We can tell that there are mainly two large school zones and respectively in the north and the south, and also two small school zone in the west.
label <- c('Restaurant', 'Pub', 'Employer', 'Apartment', 'School')
color <- c('blue', 'green', "red", 'purple', 'yellow')
facilitiesMap <- tm_shape(buildings)+
tm_polygons(col = "grey60",
size = 1,
border.col = "black",
border.lwd = 1) +
tm_shape(pubs) +
tm_dots(col = "green", size = 0.3, alpha= 0.8) +
tm_shape(restaurants) +
tm_dots(col = "blue", size = 0.3, alpha= 0.8) +
tm_shape(schools) +
tm_dots(col = "yellow", size = 0.3, alpha= 0.8)+
tm_shape(employers) +
tm_dots(col = "red") +
tm_shape(apartments) +
tm_dots(col = "purple") +
tm_add_legend(title = 'Facilities',
type = 'symbol',
border.col = NA,
labels = label,
col = color) +
tm_layout(main.title = 'Facilities Map of Engagemnt City, Ohio USA',
main.title.size = 1,
frame = FALSE) +
tm_compass(size = 2,
position = c('right', 'top'))+
tm_credits('Source: VAST Challenge 2022')
facilitiesMap
Insights
The map above gives us more details of the city’s facilities’ layout.There are more restaurants and pubs in the middle and northwest of the city, so we can deduct that there might be more traffic in the weekends in those areas.

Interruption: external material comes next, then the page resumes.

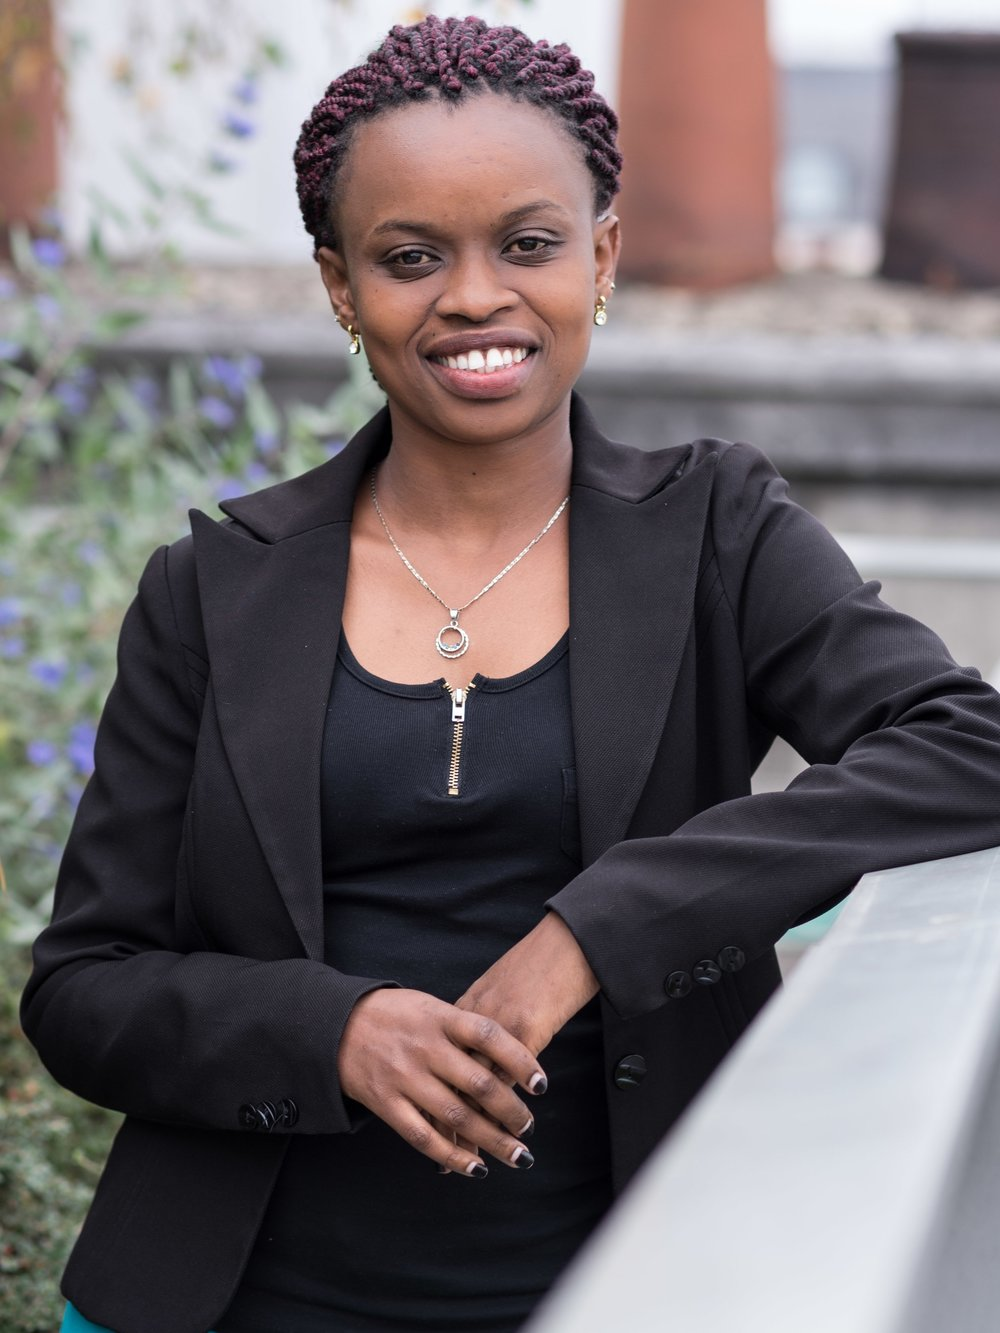 Milanoi Koiyiet - Nationality: KenyanLiving in: Nairobi, KenyaTwitter: @mila_evelynFacebook: @milanoik

Compared with the southeast corner, there are more apartments in the northwest, so might cause more traffic in the weekdays.
tmap_arrange(buildingType, facilitiesMap, widths = c(1))
Insights
The integrated figure shows that those restaurants, pubs and employers are located in the commercial areas that mainly in the middle.

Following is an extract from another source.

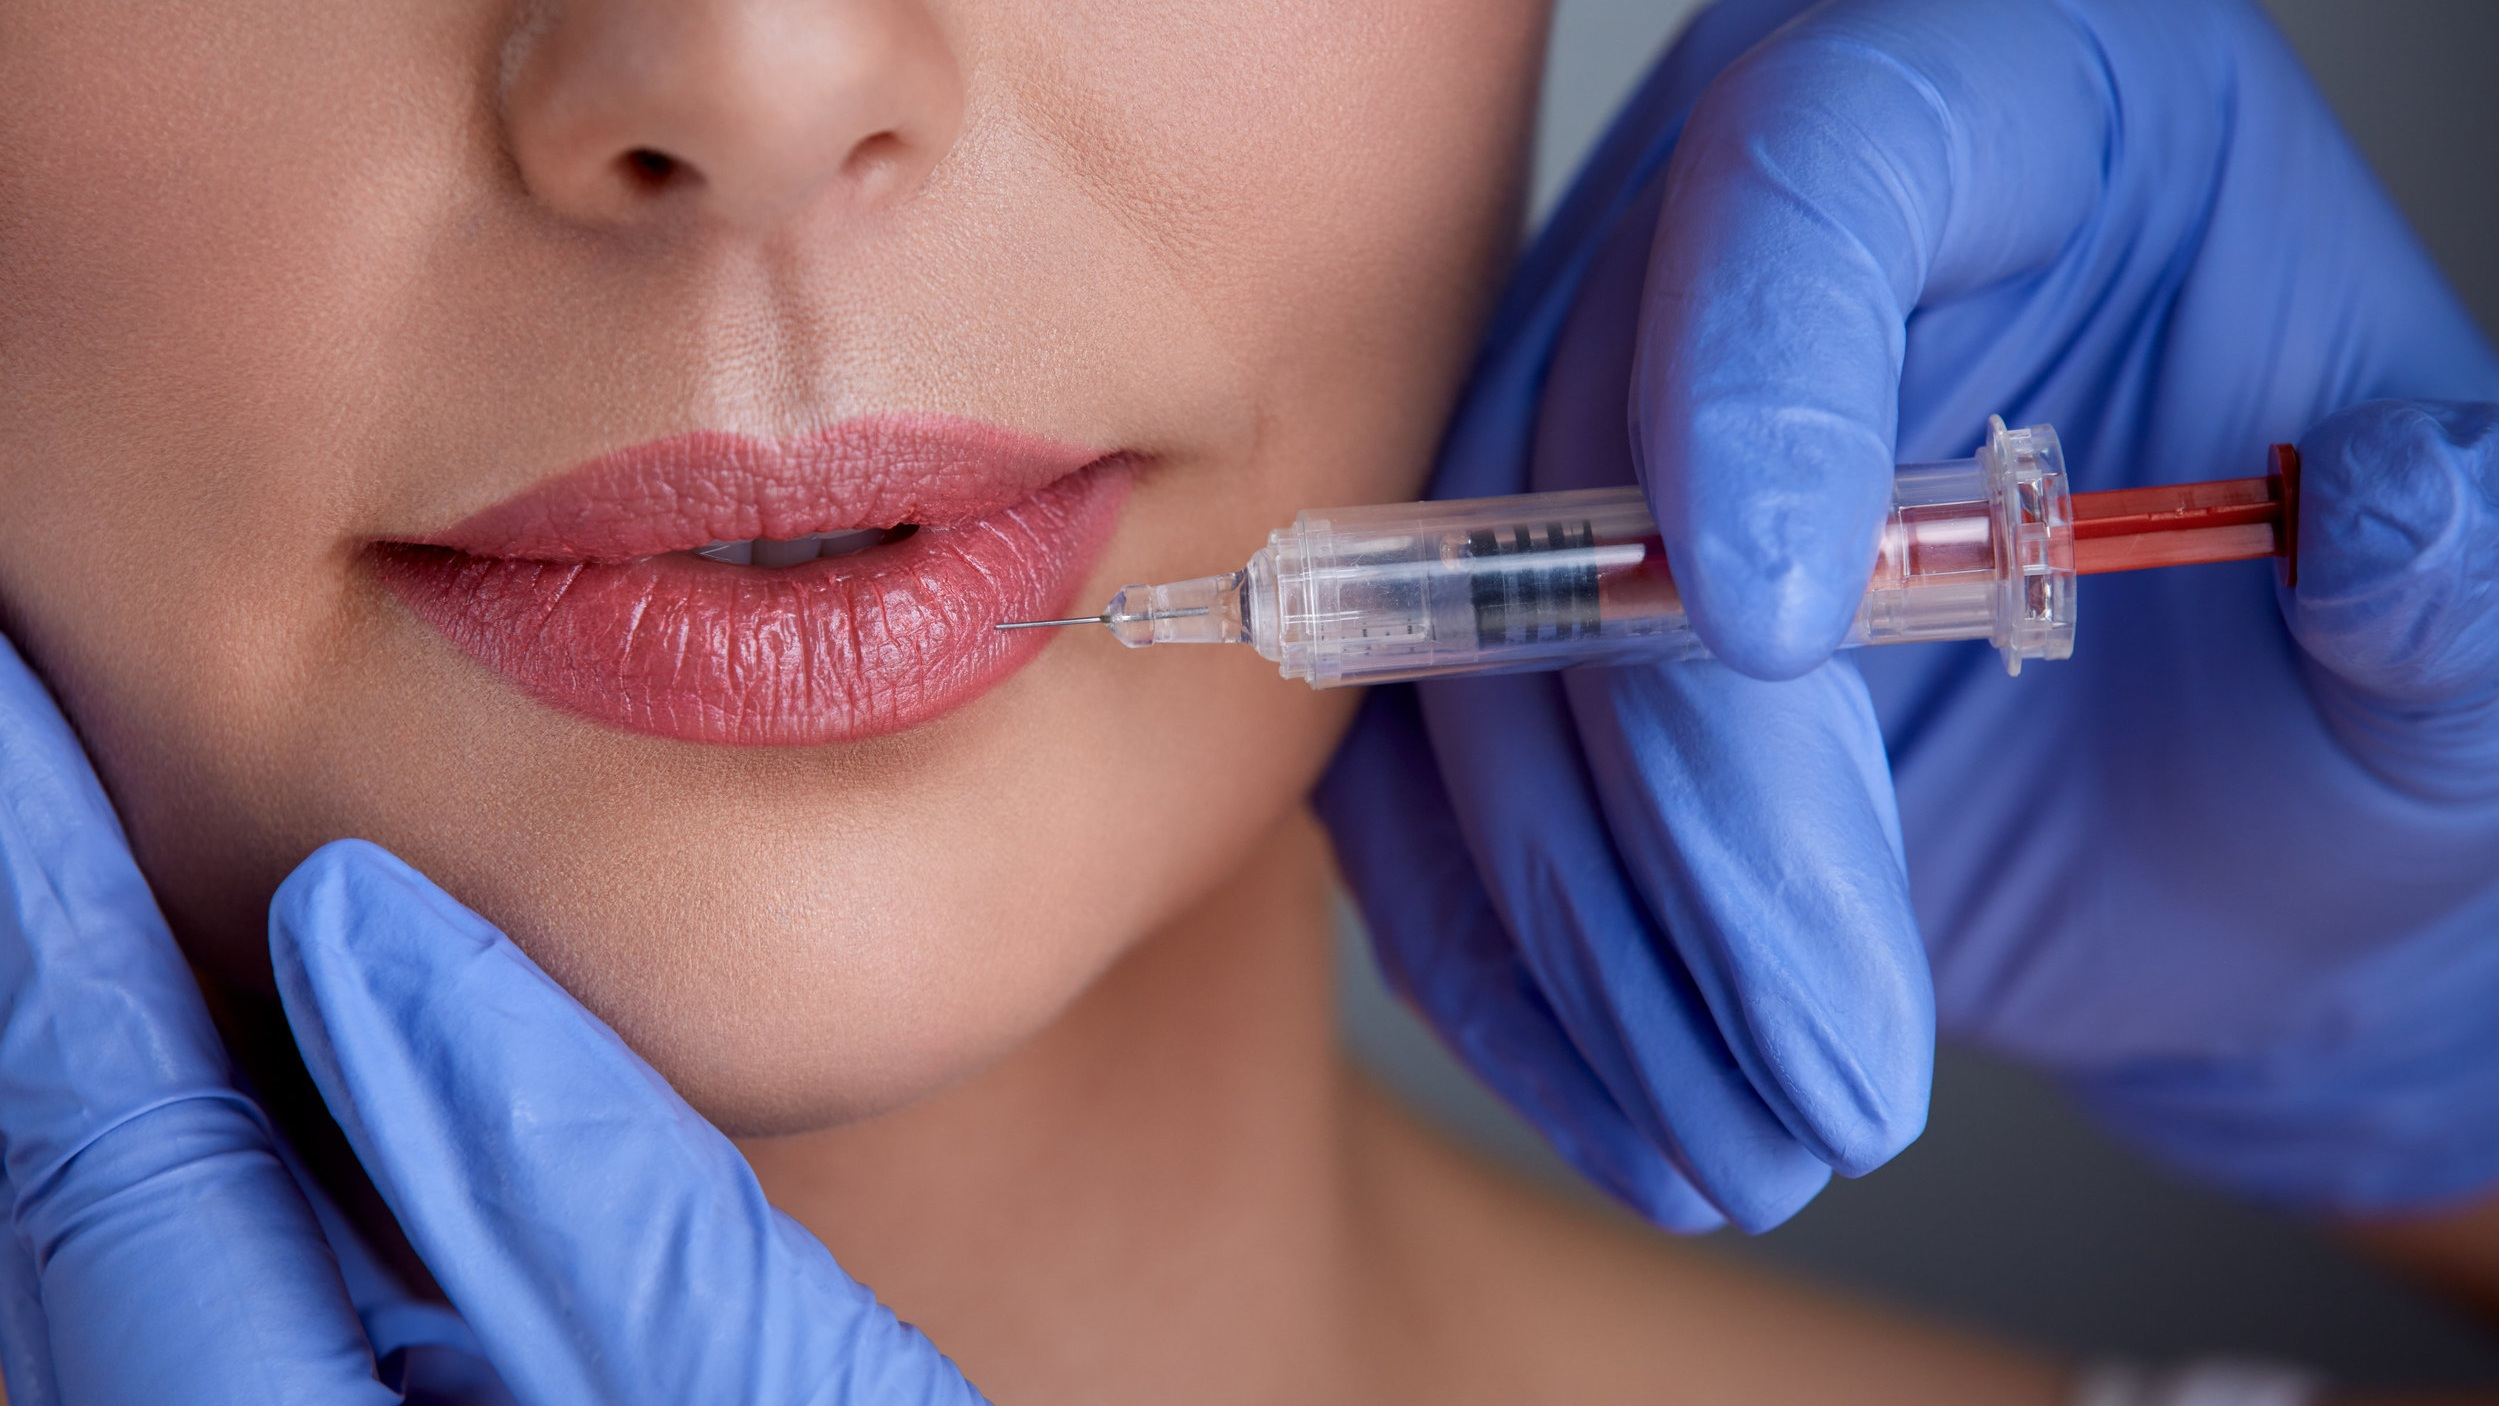 rsz_hands-of-expert-injecting-botox-pzx72pn.jpg

The residential zone are at the edges of the city, and the norther , the more residents density.
Where are the busiest areas in Engagement? Are there traffic bottlenecks that should be addressed?

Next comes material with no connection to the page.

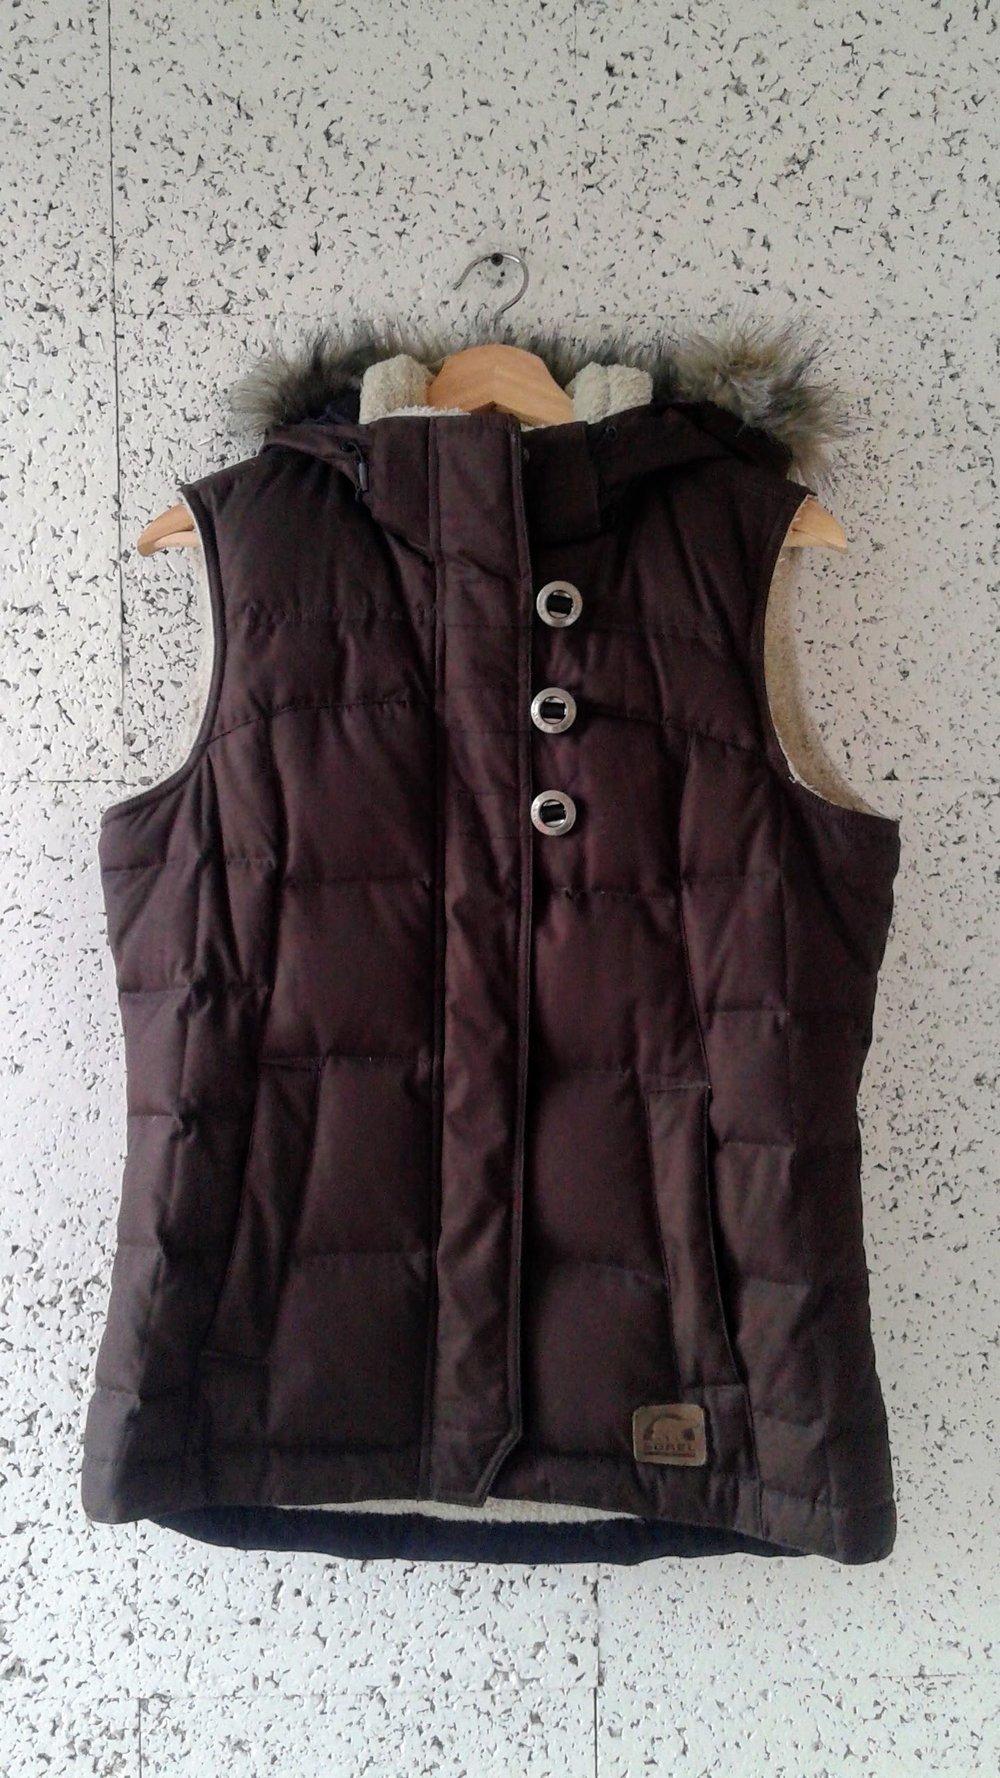 Sorel vest; Size S, $42

In the code chunk below, st_make_grid() of sf package is used to create haxegons
hex <- st_make_grid(buildings,
cellsize=100,
square=FALSE) %>%
st_sf() %>%
rowid_to_column('hex_id')
plot(hex)
In the code chunk below, st_join() of sf package is used to count the number of event points in the hexagons.
points_in_hex <- st_join(logs_selected,
hex,
join=st_within) %>%
st_set_geometry(NULL) %>%
count(name='pointCount', hex_id)
head(points_in_hex)
# A tibble: 6 x 2
hex_id pointCount
<int> <int>
1 169 35
2 212 56
3 225 21
4 226 94
5 227 22
6 228 45
In the code chunk below, left_join() of dplyr package is used to perform a left-join by using hex as the target table and points_in_hex as the join table. The join ID is hex_id.
In the code chunk below, tmap package is used to create the hexagon binning map.
traffic <- tm_shape(hex_combined %>%
filter(pointCount > 0))+
tm_fill("pointCount",
n = 8,
style = "quantile") +
tm_borders(alpha = 0.1)+
tm_layout(main.title = 'Traffic of Engagemnt City, Ohio USA',
main.title.size = 1,
frame = FALSE)
traffic
tmap_arrange(facilitiesMap,traffic, widths = c(1))
Insights
Map above shows that the main routes connecting the the north-west to the south area and wet to the east of the city are likely to see more traffic.
There is more traffic in places having schools, restaurant, pubs.
Well-known text (WKT) is a human readable representation for spatial objects like points, lines, or enclosed areas on a map, and helps when doing geo-spatial visualizations,
During this nexercise, we learned how to import geospatial data in wkt format into R and saved the imported data as simple feature objects by using sf package, to map geospatial data using tmap package, to process movement data by using sf and tidyverse packages,and to visualise movement data by using tmap and ggplot2 package.